Я бы могла сказать, что под его защитой, за его сильной спиной чувствую себя в безопасности. Но нет — приходит иное ощущение. Я чувствую, что могу не просто спрятаться за ним — я могу на него опереться. Не укрыться в слабости своей, а найти поддержку для силы.
Я могу идти вперёд, мне совсем не обязательно ограничивать себя рамками. Ведь именно это я и делала до развода. Ограничивала себя. Мне это казалось логичным и правильным — оставаться в его тени, быть тылом, хранительницей очага.
И только сейчас вдруг открылось — нет! Он ведь не просил. Это я решила, что должна. Стереотип сработал. Но ведь я могу быть чем-то большим. В профессии, в социуме. Нет никаких рамок. Это не делает меня как жену и как мать менее состоятельной.
— Мне так сложно было без тебя, — шепчет, будто в ответ на мои мысли. — Пустота съедала. Я будто ослаб, Ириш, знаешь, будто силы иссякли. Мне никак без тебя. Без вас, — его ладонь мягко ложится на мой живот. — Ни идей, ни желания, ни стремления. Ничего не было, ничего не хотелось. А сейчас, когда ты снова со мной, мне кажется, меня не победить. Такое офигительное чувство, Ир.
— И мне было без тебя плохо, — шепчу ему в губы. — Всё вдохновение словно испарилось, вместе с тобой ушло. Ни одной новой идеи не было — ничего. Я как в темноте потерялась. Свободы хотела, а получила пустоту.
Молчим. Каждый понимает, какой ошибкой был развод. И как много мы теперь хотим сказать друг другу.
— Ваши выписки все готовы, опасности я никакой ни для вас, ни для ребёнка не вижу, — говорит доктор, войдя в палату, и мы едва успеваем отпрянуть друг от друга— Поэтому я не вижу смысла вас задерживать дольше.
Гордей забирает у врача документы, подаёт руку мне, чтобы помочь встать с постели. Хотя я чувствую себя совершенно здоровой, с радостью принимаю его заботу.

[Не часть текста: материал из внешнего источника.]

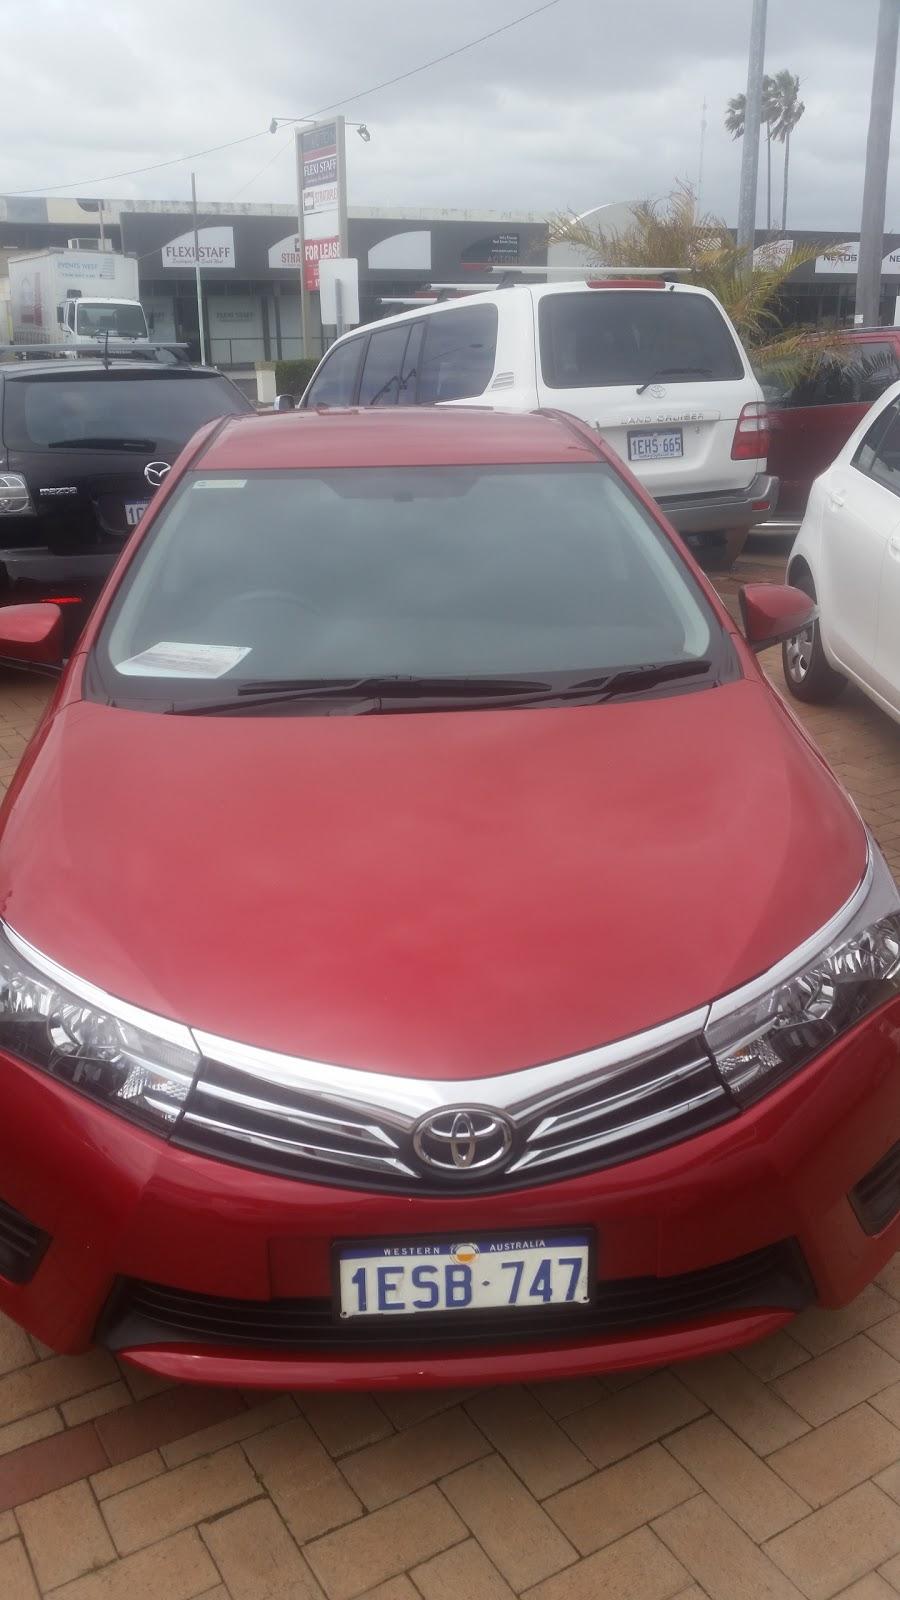 Bunbury Toyota | car dealer | 34 Spencer St, Bunbury WA 6230, Australia | 0897222333 OR +61 8 9722 2333

Домой едем на такси. Моя машина осталась на стоянке возле “Вершины”, а у Гордея отобрали права. Он обнимает меня и прижимает к себе. За окном уже стемнело, валит мокрый снег, на дорогах час пик, шум, а я будто в другом мире. Мне так хорошо на душе и спокойно. Никакого напряжения. Наши пальцы переплетены, и я сейчас концентрируюсь только на этом ощущении — на близости моего мужчины.